__What you need to do__. Word for word, write the lines below out again, with no pictures.

__Given material__.
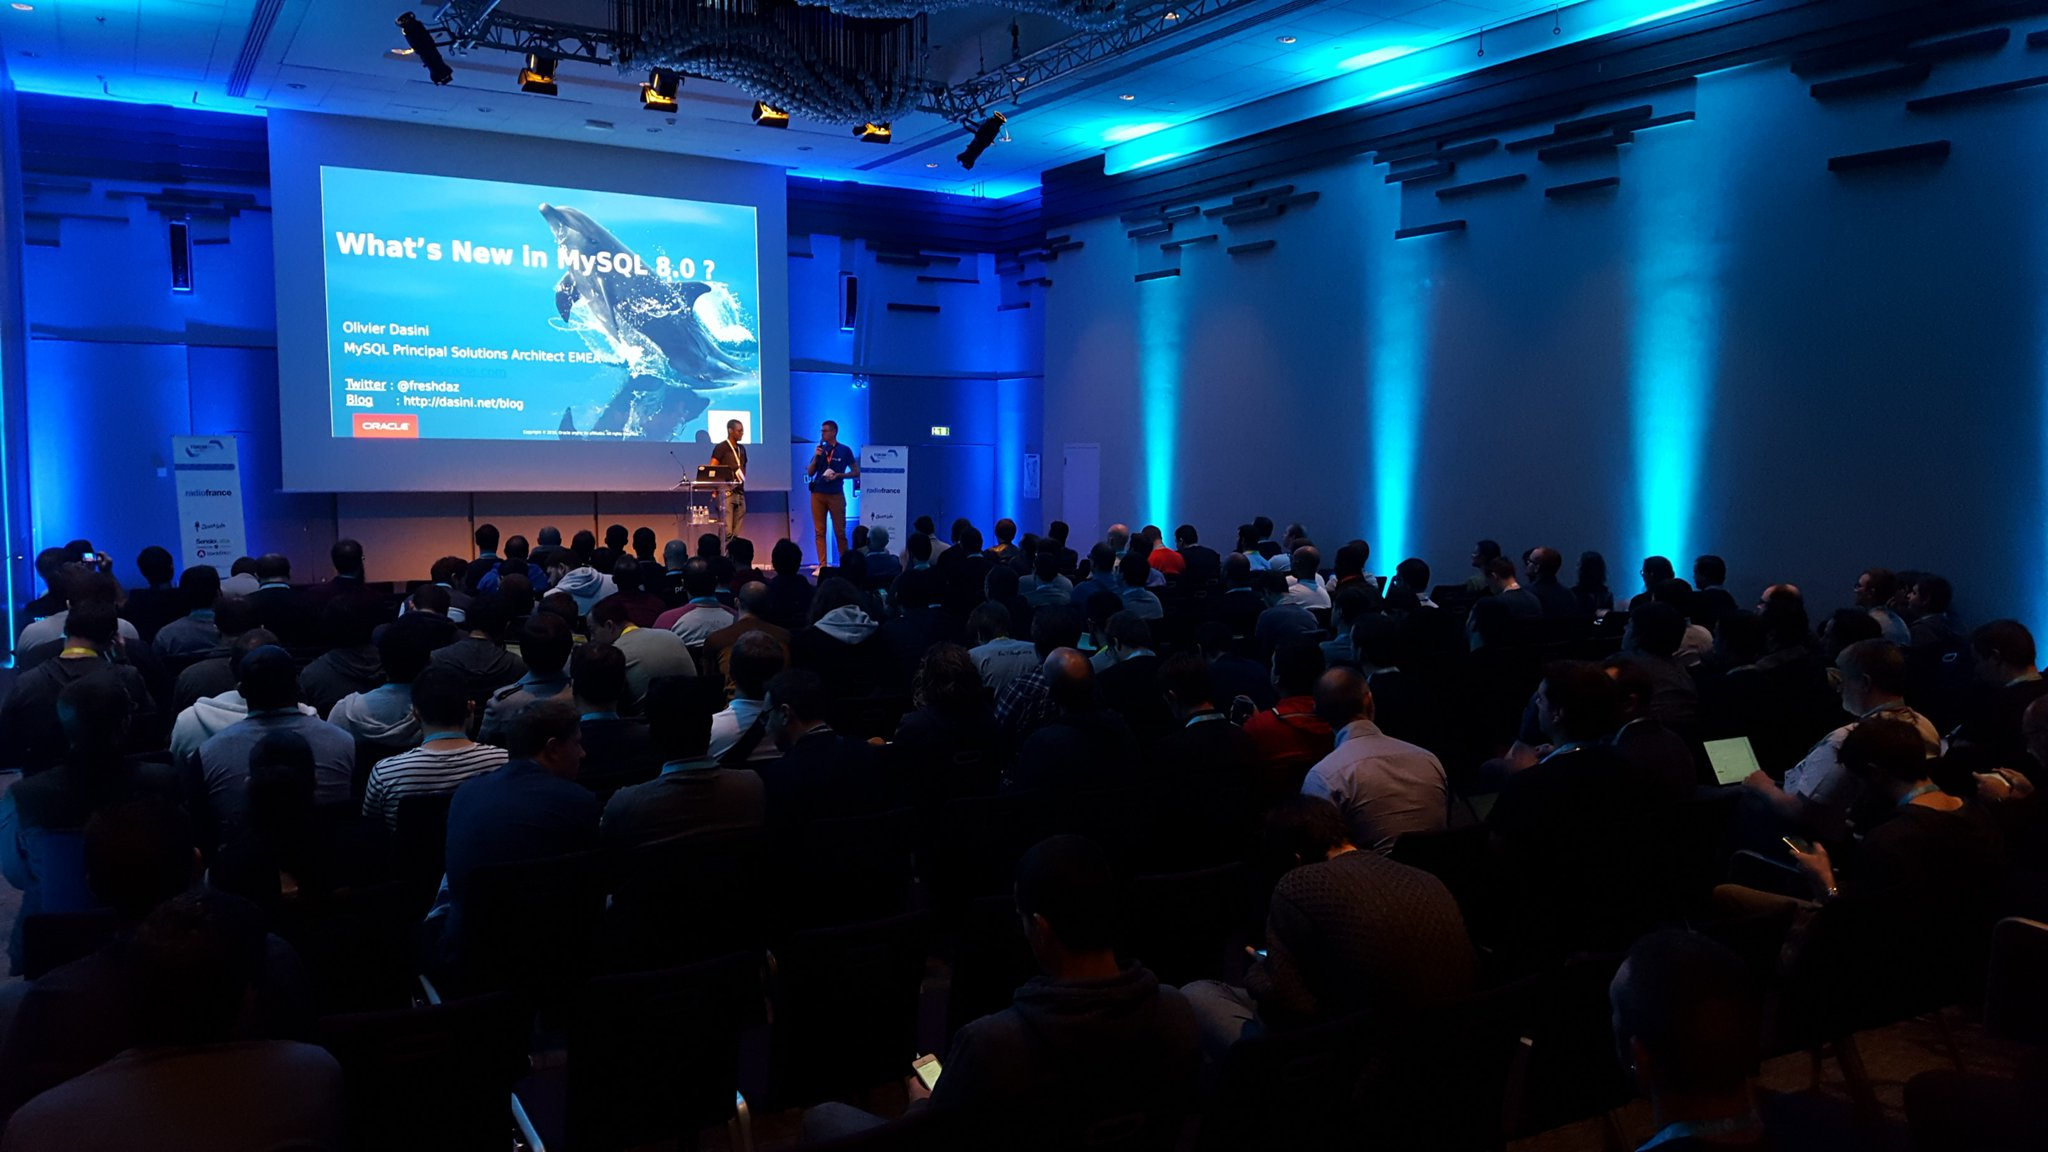 AFUP Forum PHP 2018 - MySQL 8.0
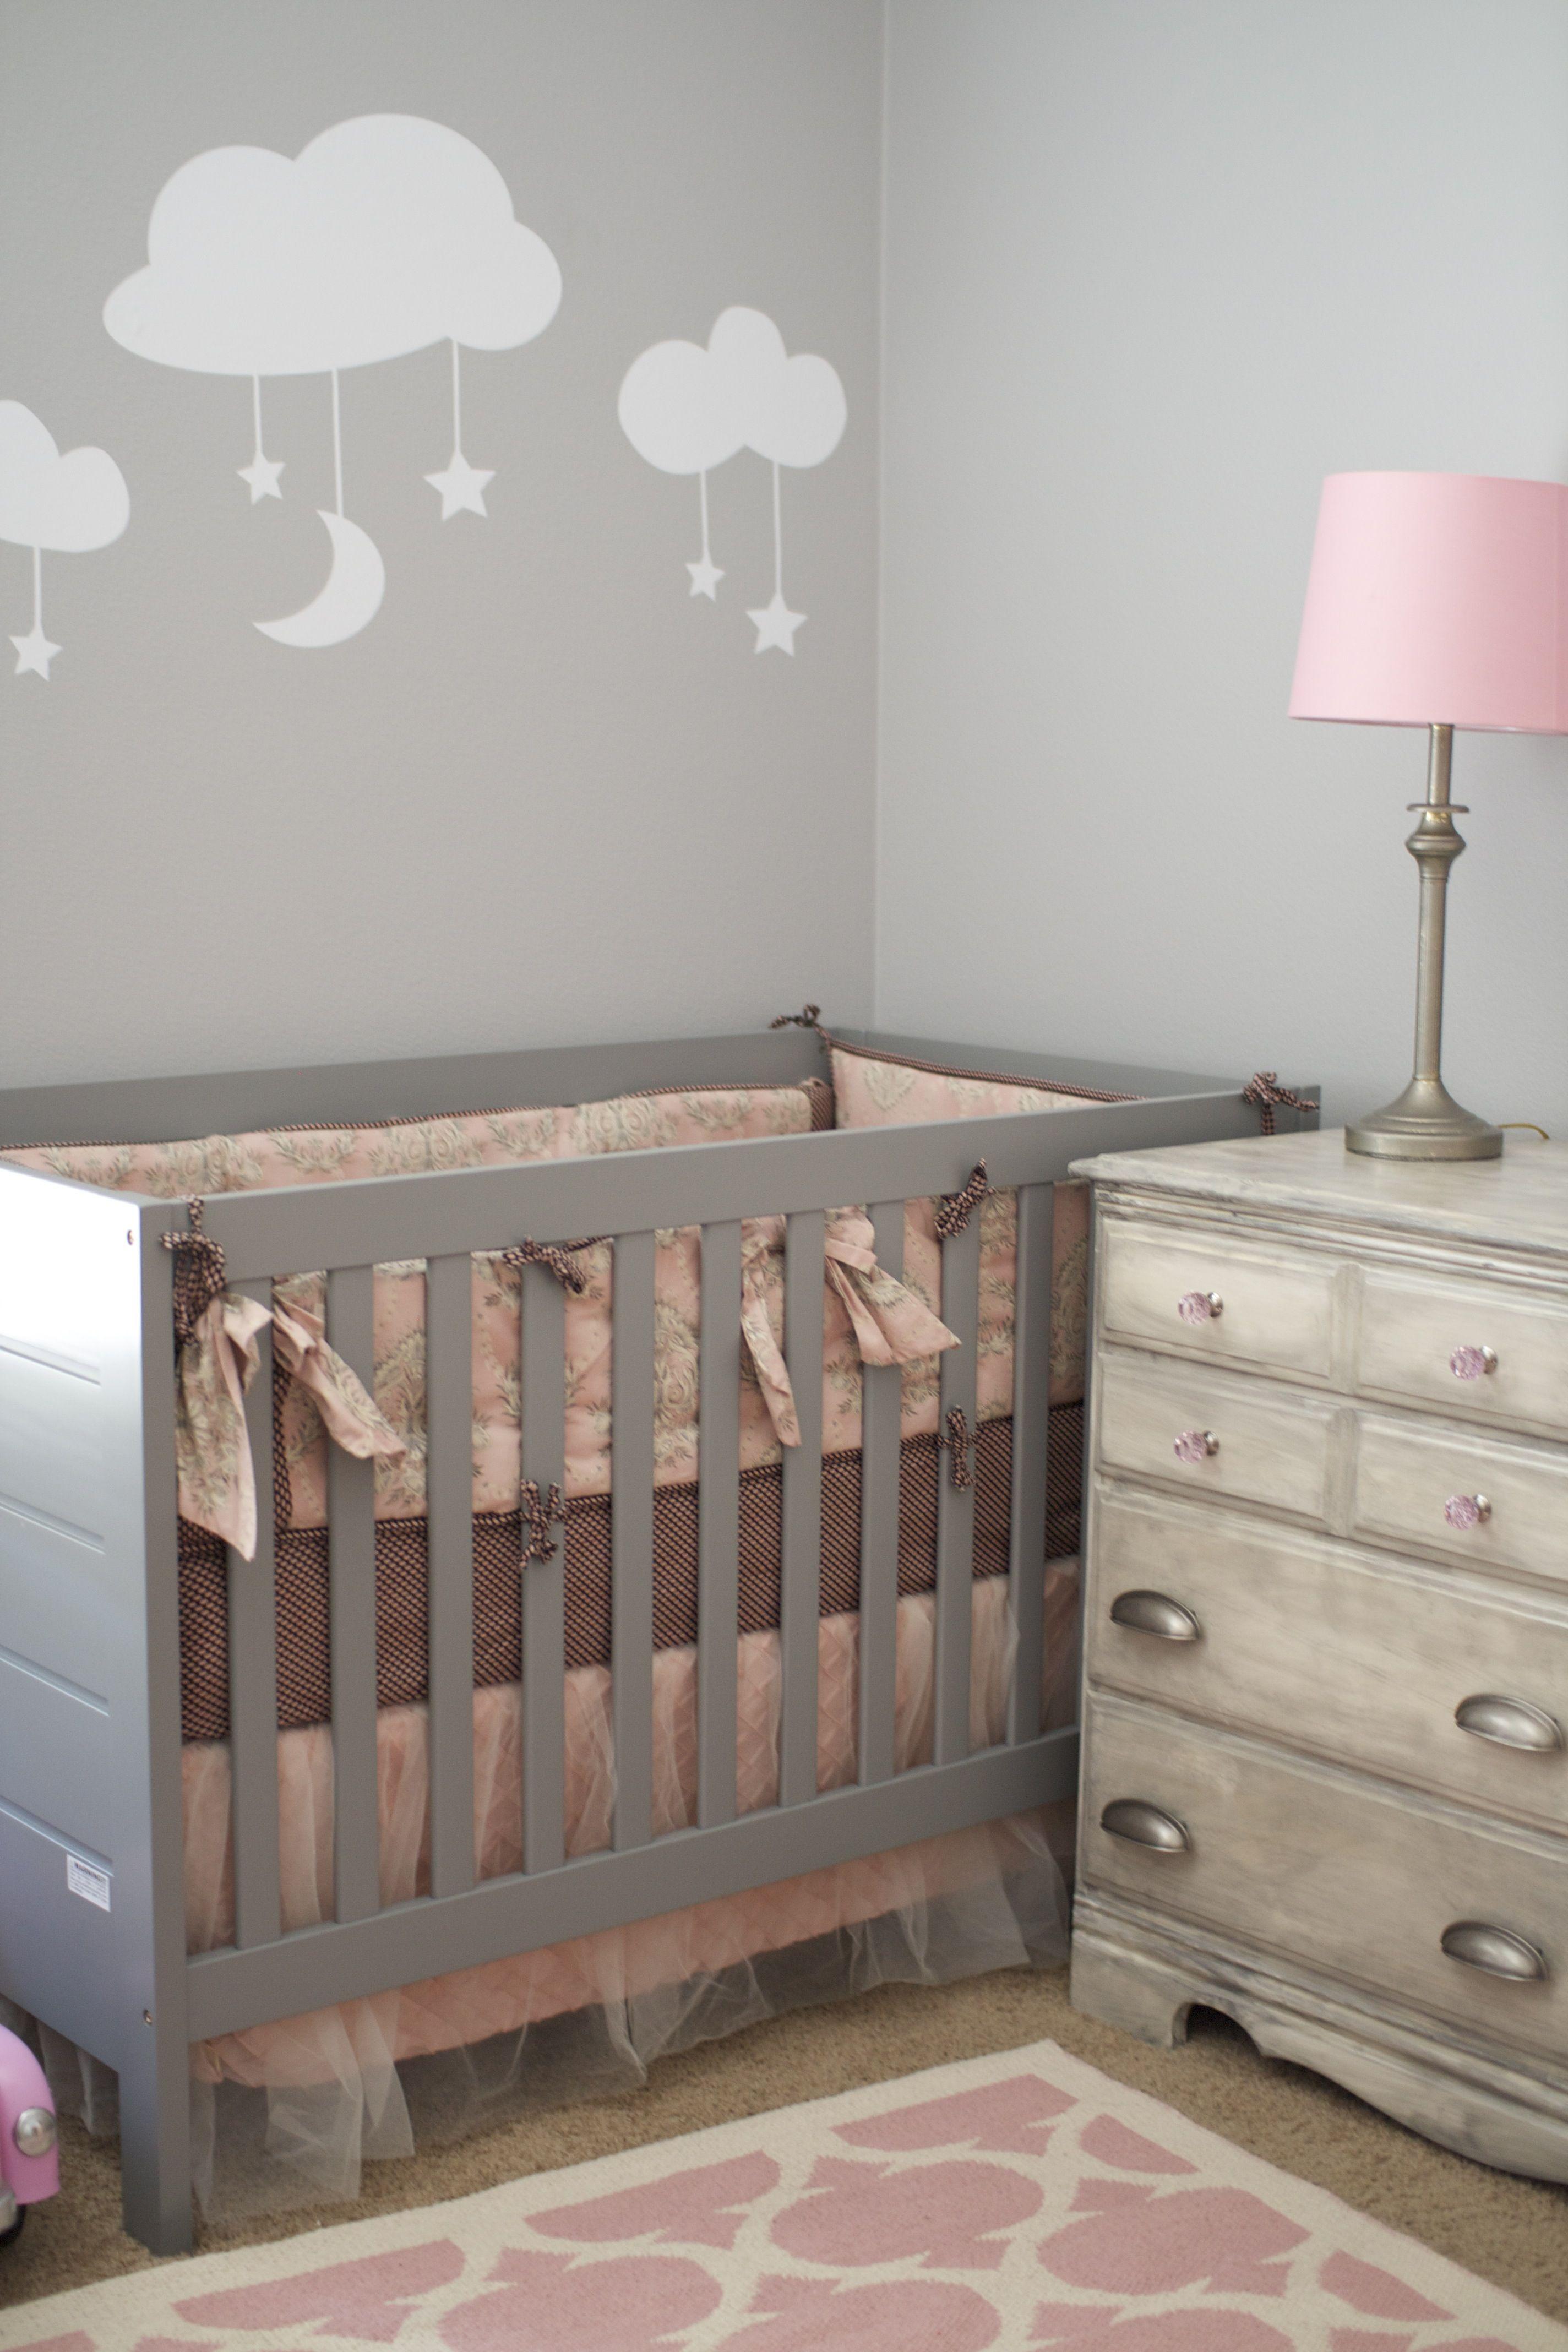 Pink And Gray Nursery Crib Is Babymod From Walmart Bedding
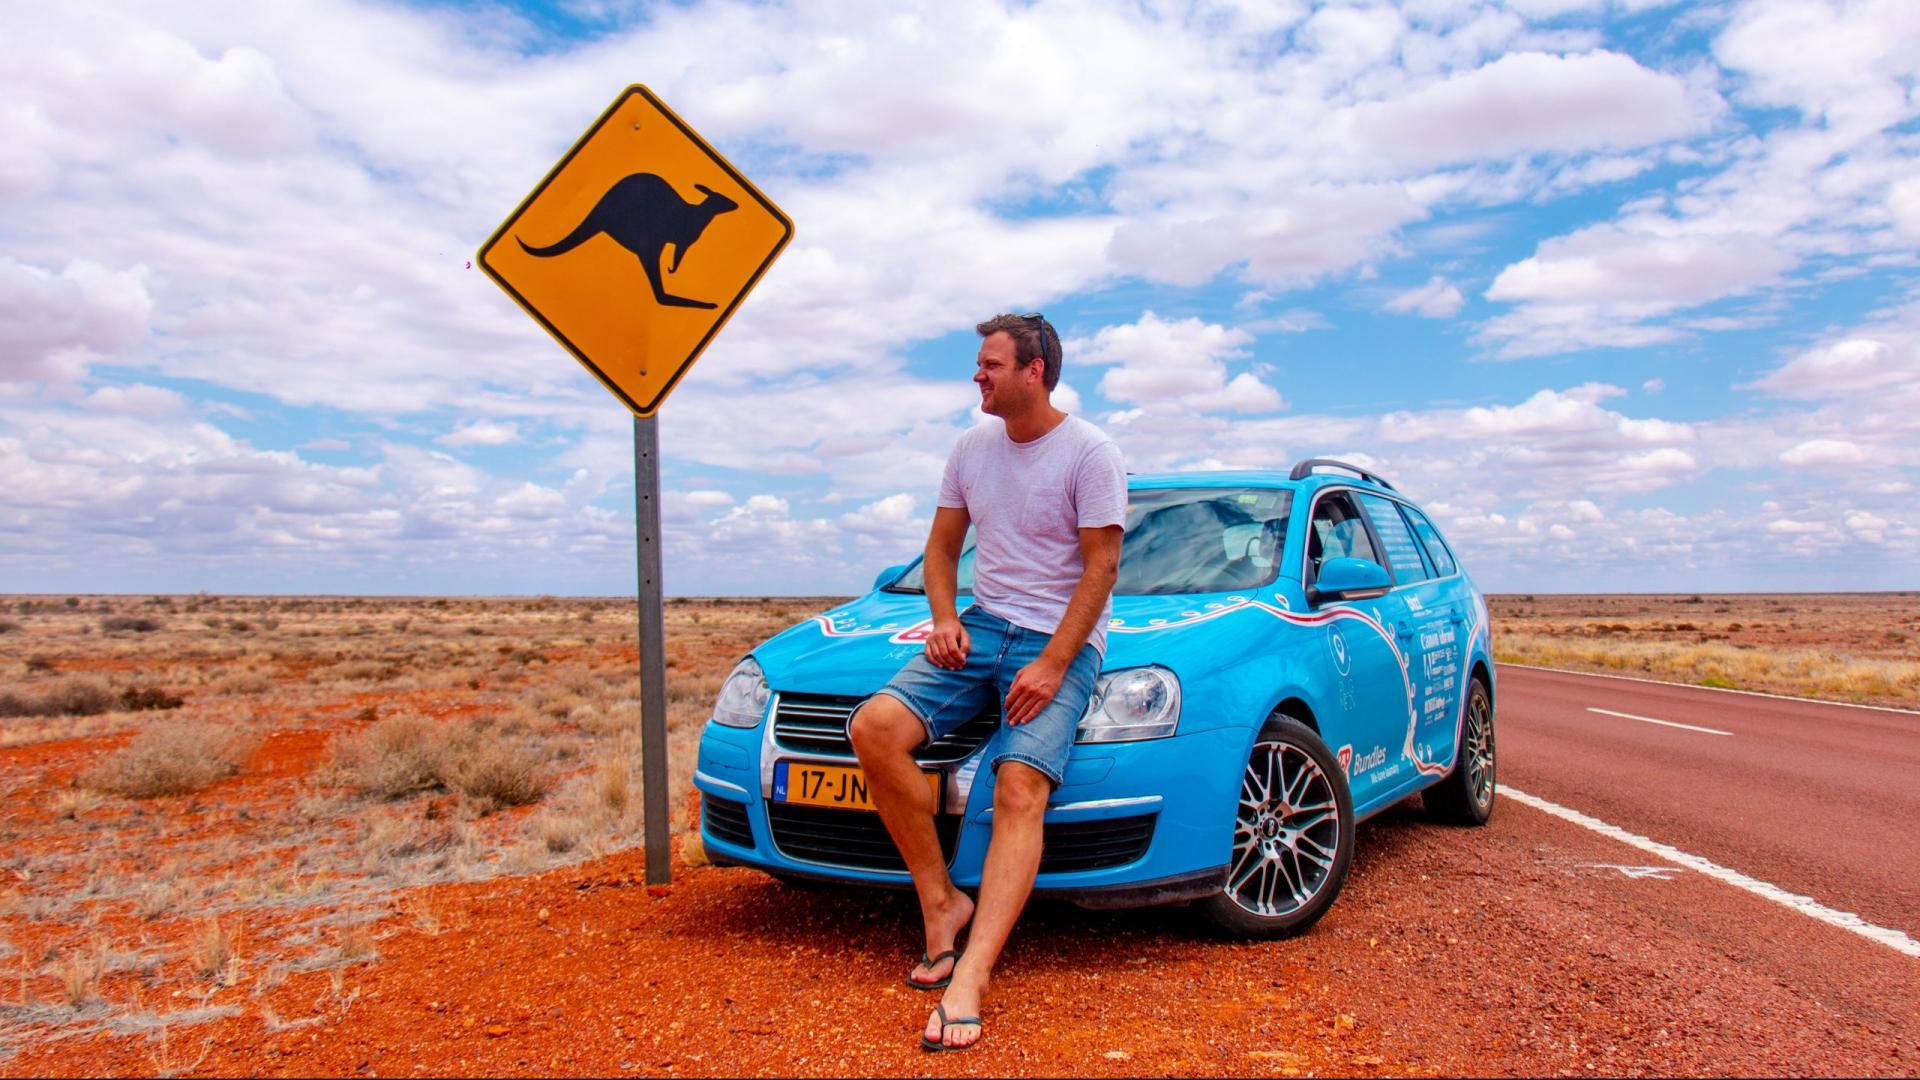 Elektrische Volkswagen Golf in Australie

__Solution to this exercise__.
 AFUP Forum PHP 2018 - MySQL 8.0
 Pink And Gray Nursery Crib Is Babymod From Walmart Bedding
 Elektrische Volkswagen Golf in Australie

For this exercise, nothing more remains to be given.